The sidecar index chooses local pragmatism over cryptographic certainty. Size and mtime_ns are enough for local append-mostly traces, but not enough for content-addressed provenance. That is fine for a CLI engine; it would be too weak for a long-lived evidence archive unless paired with stronger checksums or git/object-store lineage.

Subagents give decomposition capacity, but not shared long-term memory. They are fresh analysis workers with bounded tools and parent lineage. Treating their conversation context as memory would blur a useful boundary: the durable retained artifacts are the traces, sidecars, and external reports.

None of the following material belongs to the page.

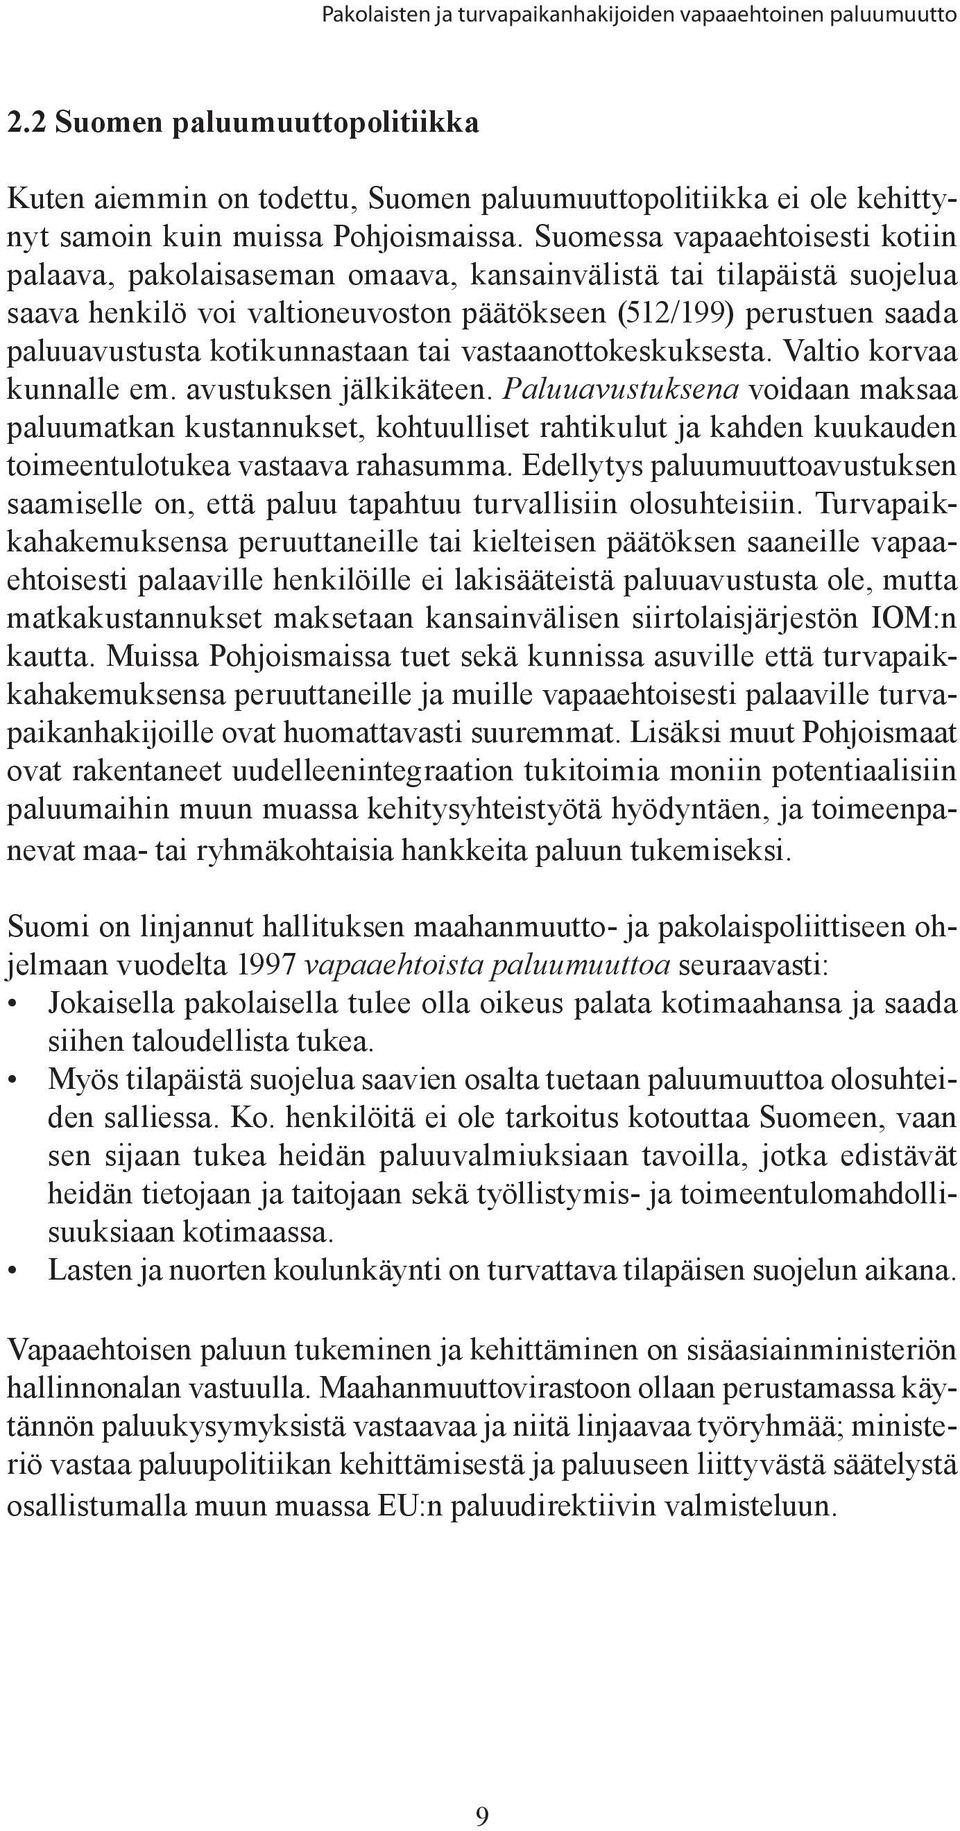 Suomessa vapaaehtoisesti kotiin palaava, pakolaisaseman omaava, kansainvälistä tai tilapäistä suojelua saava henkilö voi valtioneuvoston päätökseen (512/199) perustuen saada paluuavustusta

The sandbox is carefully scoped, but availability-dependent. If Deno/Pyodide resolution fails, run_code is simply dropped from the tool surface. That graceful degradation is good operationally, but it means analyses relying on code execution need to record whether the sandbox was actually available during the run.

What to Watch

• Whether HALO adds a first-class report artifact with enforced trace/span citations, prompt/config provenance, and regeneration metadata.
• Whether the outer patch-promotion loop becomes implemented in-repo rather than described as "feed the report to Cursor or Claude Code."
• Whether benchmark harnesses start storing before/after patches, trace ids, and evaluation deltas as one auditable lineage bundle.
• Whether sidecar fingerprinting moves from size/mtime to content hashes for stronger evidence integrity.
• Whether HALO grows a persistent library of recurring harness failures, which would turn it from a per-dataset analyst into a reusable agent-memory system.

Bottom Line

HALO is a code-grounded trace-analysis and harness-optimization system, not a conventional memory database. Its useful retained artifacts split cleanly: raw OTel JSONL traces are source evidence, sidecar indexes are derived runtime surfaces, trace tools and subagents provide progressive disclosure and analysis, diagnostic reports are trace-derived knowledge artifacts, and only externally promoted harness edits become system-definition artifacts that change future agent behavior.

Relevant Notes:

• Trace-derived learning techniques in related systems - places: HALO is a trace-to-diagnostic-to-harness-patch system with external promotion.
• Meta-Harness - compares-with: both optimize harness behavior from traces, but HALO's reviewed implementation stops at diagnostic reports while Meta-Harness centers executable patch candidates.
• Agentic Harness Engineering - compares-with: both treat observability traces as the raw substrate for harness improvement, with different packaging around promotion.
• Knowledge artifact - distinguishes: HALO reports advise maintainers and coding agents before any harness edit is applied.
• System-definition artifact - distinguishes: behavior changes only after a report is promoted into prompts, tools, code, validators, or configuration.
• Axes of artifact analysis - exemplifies: HALO cleanly separates storage substrate, representational form, lineage, and behavioral authority across traces, indexes, tools, reports, and patches.